Yes for the first draft. Don’t ship without human review. AI gets structure and tone right; it gets facts wrong about 10% of the time. Review every description before publishing.
Does Google penalise AI-generated product descriptions?
No - Google’s stance is that AI content is fine as long as it’s useful. Generic AI copy underperforms not because Google penalises it but because it doesn’t convert. Specific, on-brand AI copy ranks and converts well.
How do I make AI product copy match my brand voice?

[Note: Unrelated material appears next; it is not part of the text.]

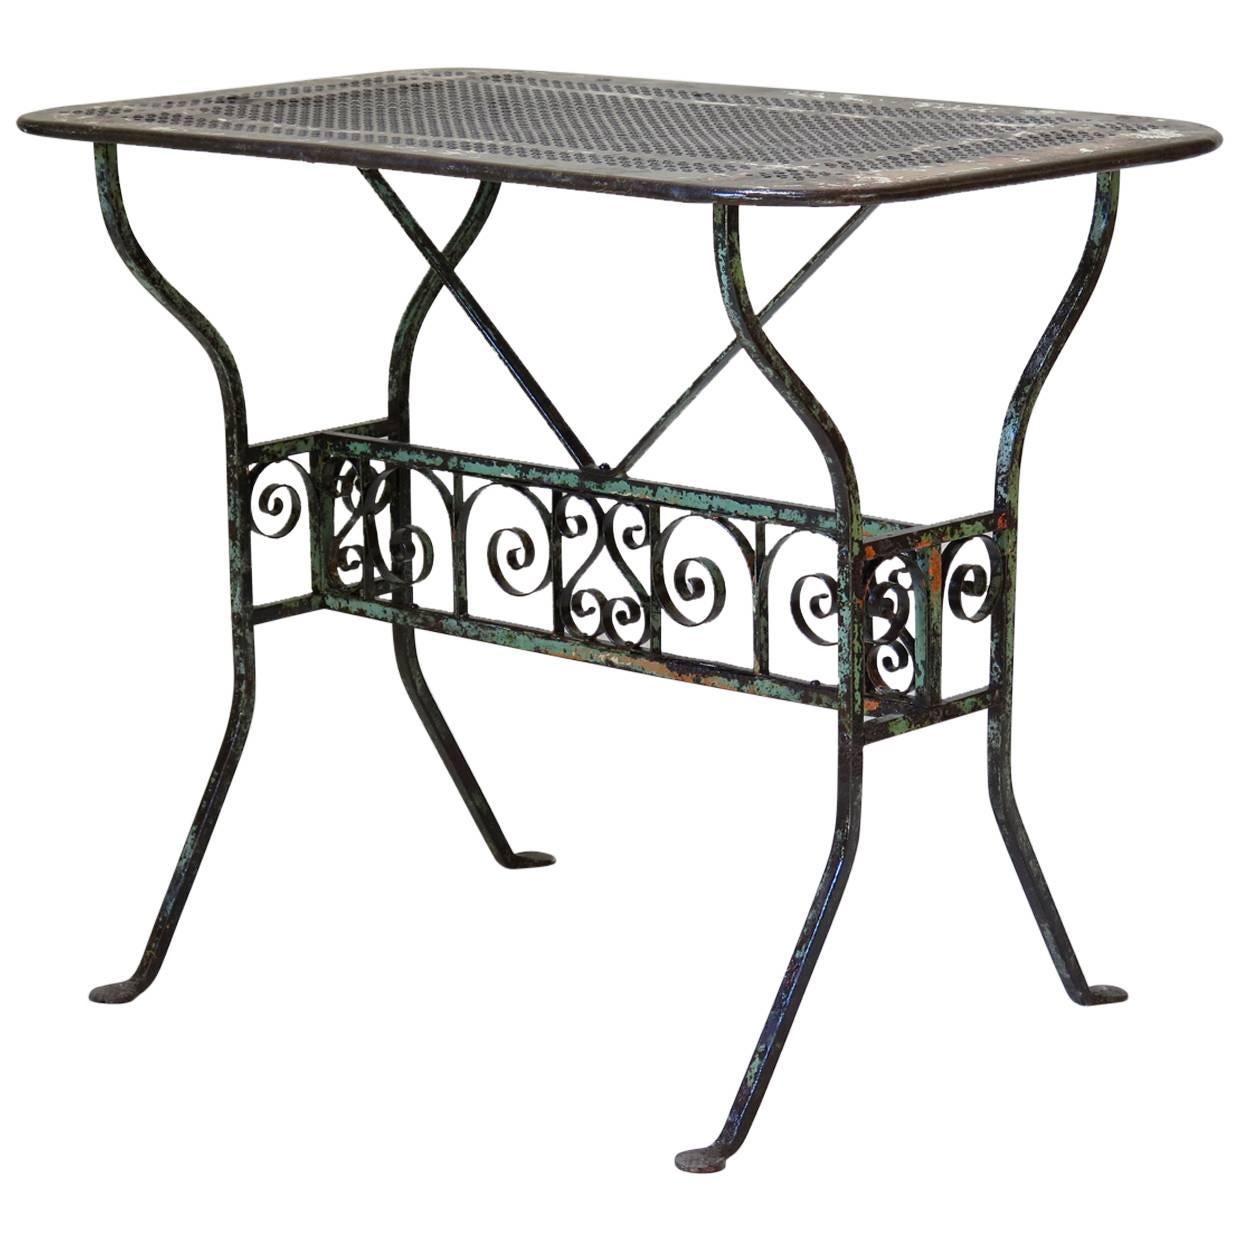 Elegant 1920s Painted Iron Table from Arras, France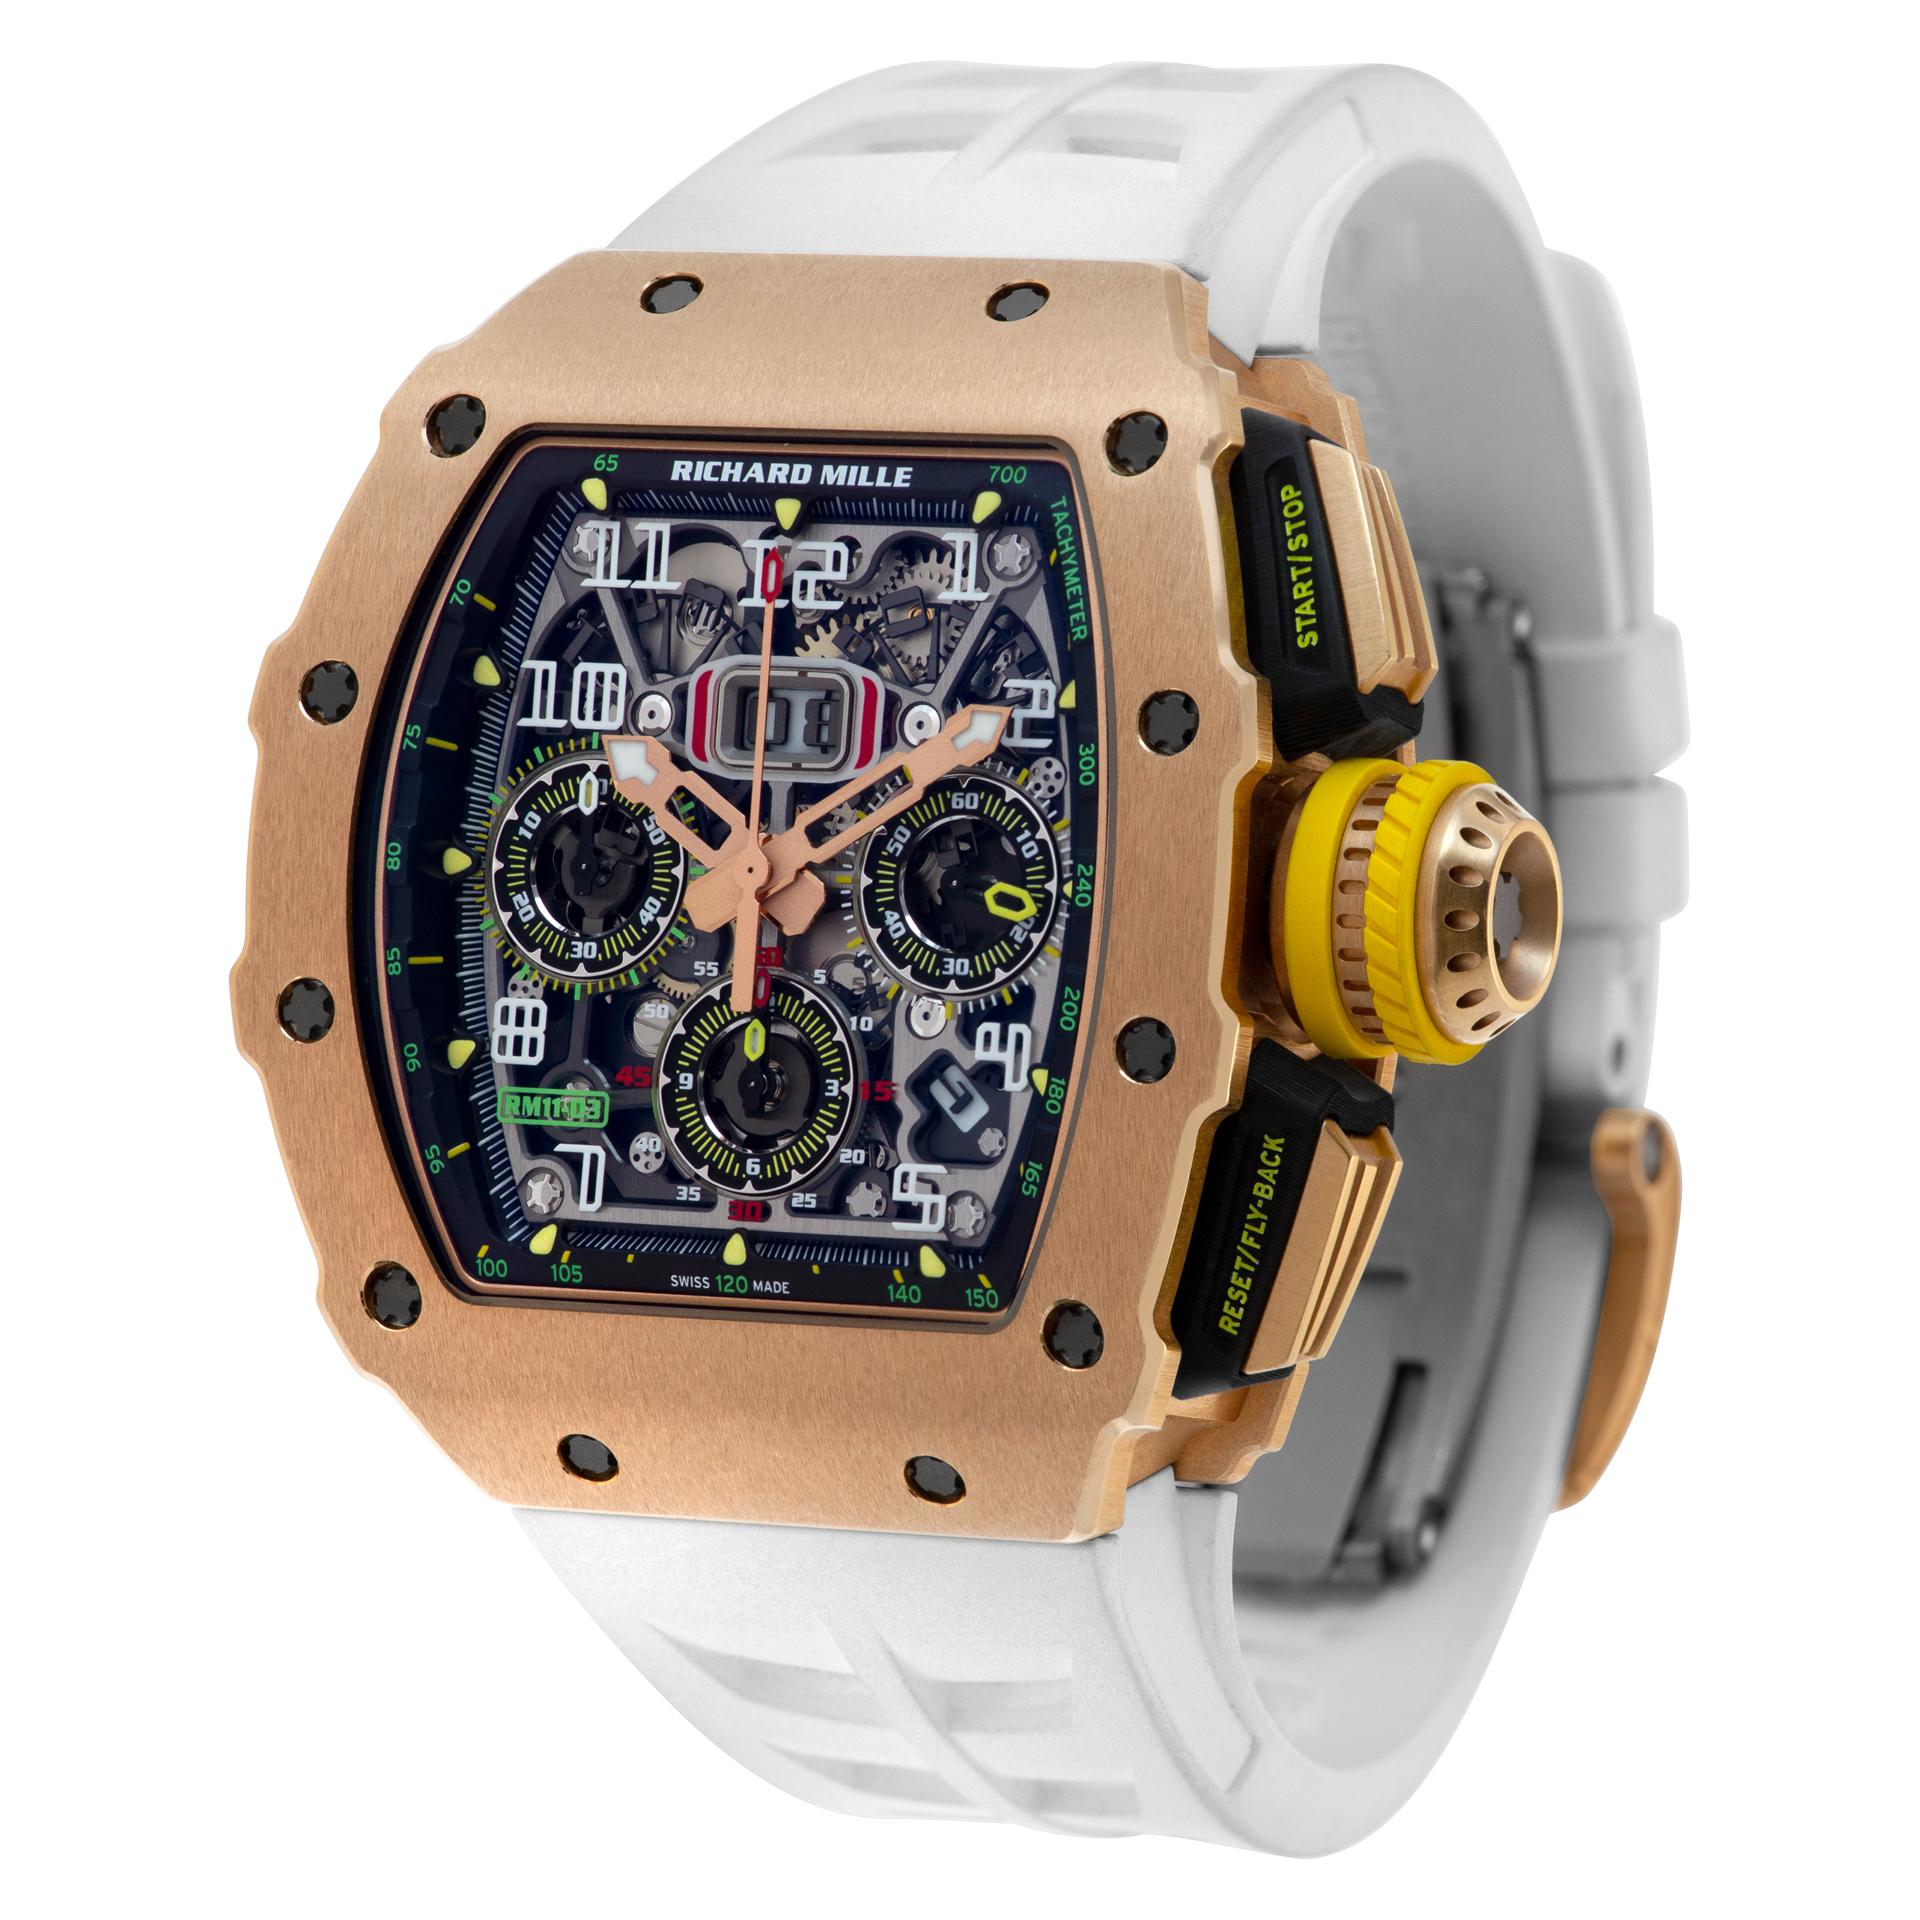 Richard Mille Flyback Chronograph in 18k rose gold on a white rubber band. Auto w/ date, month and chronograph. 45 mm case size. With box and papers, warranty card and certificate, sealed, never opened. Ref RM11-03 RG. Crown designed of wheel and

Load brand context into the tool. Tone samples (3-5 examples of copy you wrote yourself), banned words list, brand pillars. Most AI tools that support a memory or project will reuse this context across requests.
Should I rewrite my entire catalogue with AI?
Only if the existing copy is materially underperforming or generic. Don’t rewrite product descriptions that are converting well just because AI is faster. Focus AI rewrites on neglected SKUs. If you’re not sure which descriptions need work, Fudge can review your existing product pages, flag the weak ones, and action the fixes in your theme - so you only rewrite what actually needs it.
What’s the fastest AI workflow for new product launches?
Brand-context-loaded prompt → draft → human review → publish. With Fudge, the same prompt that generates the page generates the copy, so it happens once across the PDP rebuild. Other tools need a separate copy step.